Garry Tan 66c09644a7 feat: composable skills — INVOKE_SKILL resolver + factoring infrastructure (v0.13.7.0) (#644)
* feat: add parameterized resolver support to gen-skill-docs

Extend the placeholder regex from {{WORD}} to {{WORD:arg1:arg2}},
enabling parameterized resolvers like {{INVOKE_SKILL:plan-ceo-review}}.

- Widen ResolverFn type to accept optional args?: string[]
- Update RESOLVERS record to use ResolverFn type
- Both replacement and unresolved-check regexes updated
- Fully backward compatible: existing {{WORD}} patterns unchanged

Co-Authored-By: Claude Opus 4.6 (1M context) <noreply@anthropic.com>

* feat: add INVOKE_SKILL resolver for composable skill loading

New composition.ts resolver module that emits prose instructing Claude
to read another skill's SKILL.md and follow it, skipping preamble
sections. Supports optional skip= parameter for additional sections.

Usage: {{INVOKE_SKILL:plan-ceo-review}} or
       {{INVOKE_SKILL:plan-ceo-review:skip=Outside Voice}}

Co-Authored-By: Claude Opus 4.6 (1M context) <noreply@anthropic.com>

* feat: use frontmatter name: for skill symlinks and Codex paths

Patch all 3 name-derivation paths to read name: from SKILL.md
frontmatter instead of relying solely on directory basenames.
This enables directory names that differ from invocation names
(e.g., run-tests/ directory with name: test).
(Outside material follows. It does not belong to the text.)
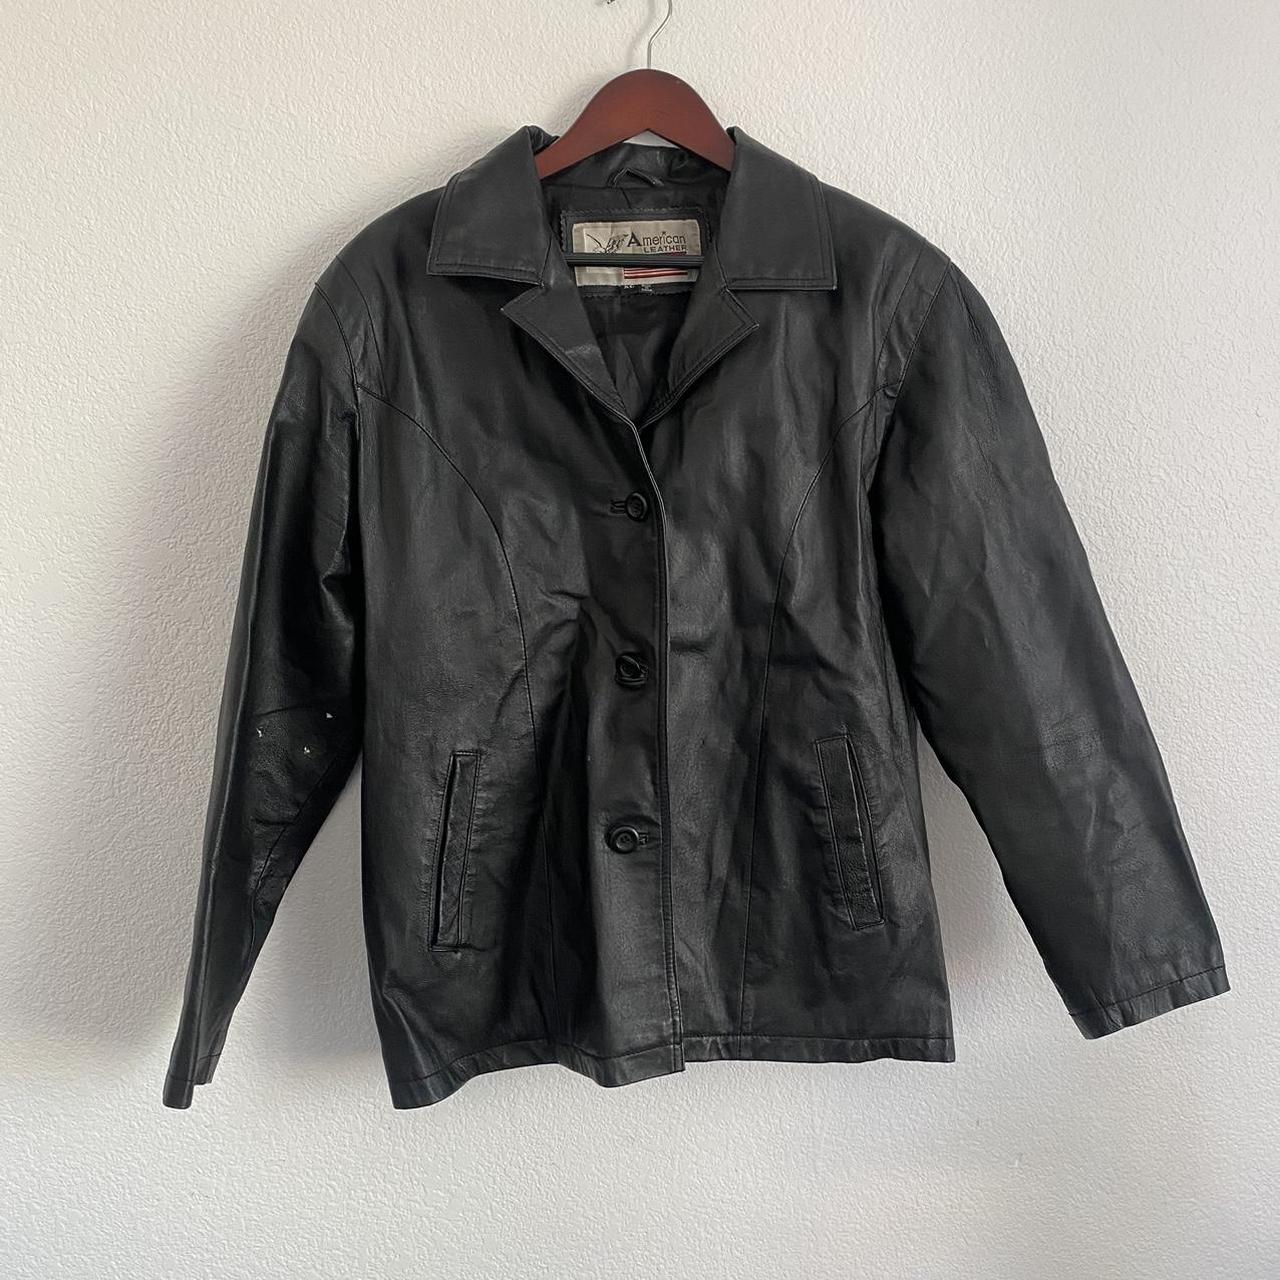 Womens leather jacket size XL #LeatherJacket... - Depop
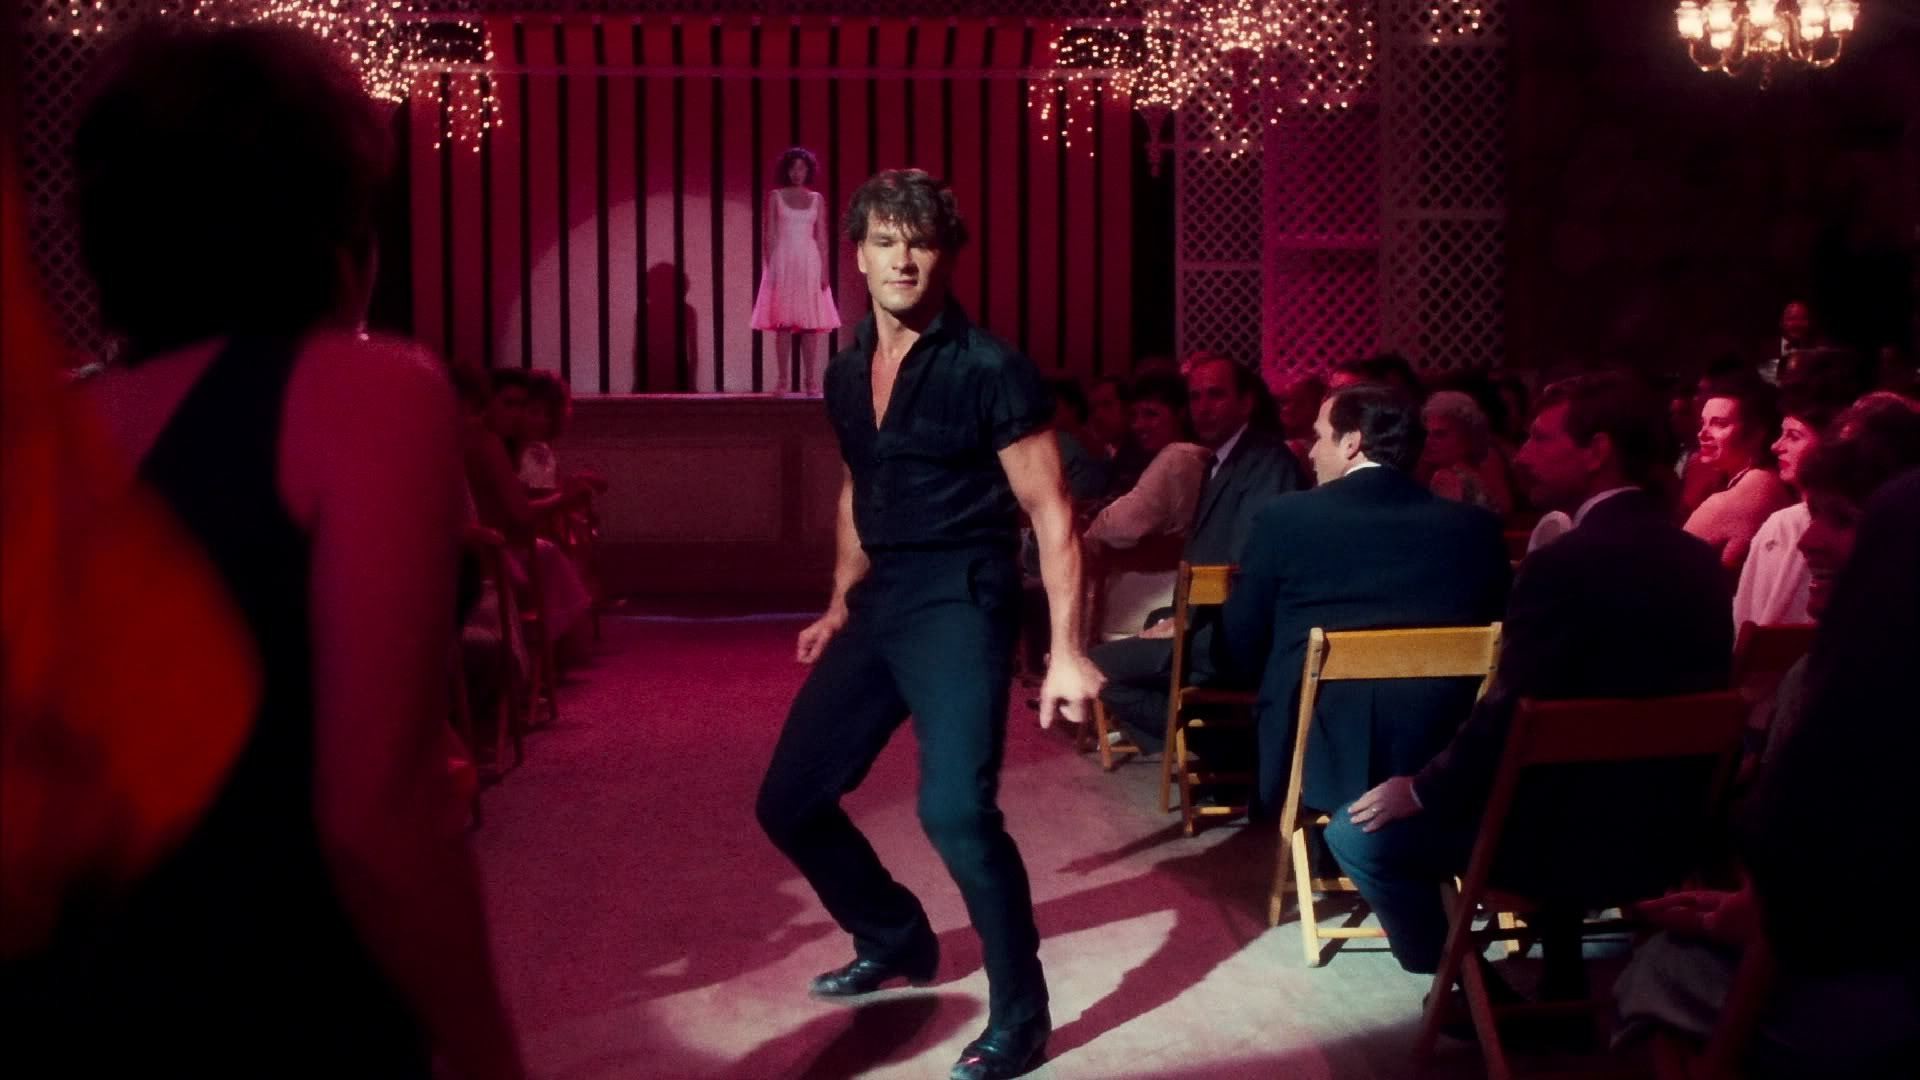 1920x1080 Patrick Swayze in "Dirty Dancing"

- setup: link_claude_skill_dirs reads name: via grep, falls back to basename
- gen-skill-docs.ts: codexSkillName uses frontmatter name for Codex output paths
- gen-skill-docs.ts: moved frontmatter extraction before Codex path logic

Co-Authored-By: Claude Opus 4.6 (1M context) <noreply@anthropic.com>

* feat: extract CHANGELOG_WORKFLOW resolver from /ship

Move changelog generation logic into a reusable resolver. The resolver
is changelog-only (no version bump per Codex review recommendation).
Adds voice rules inline. /ship Step 5 now uses {{CHANGELOG_WORKFLOW}}.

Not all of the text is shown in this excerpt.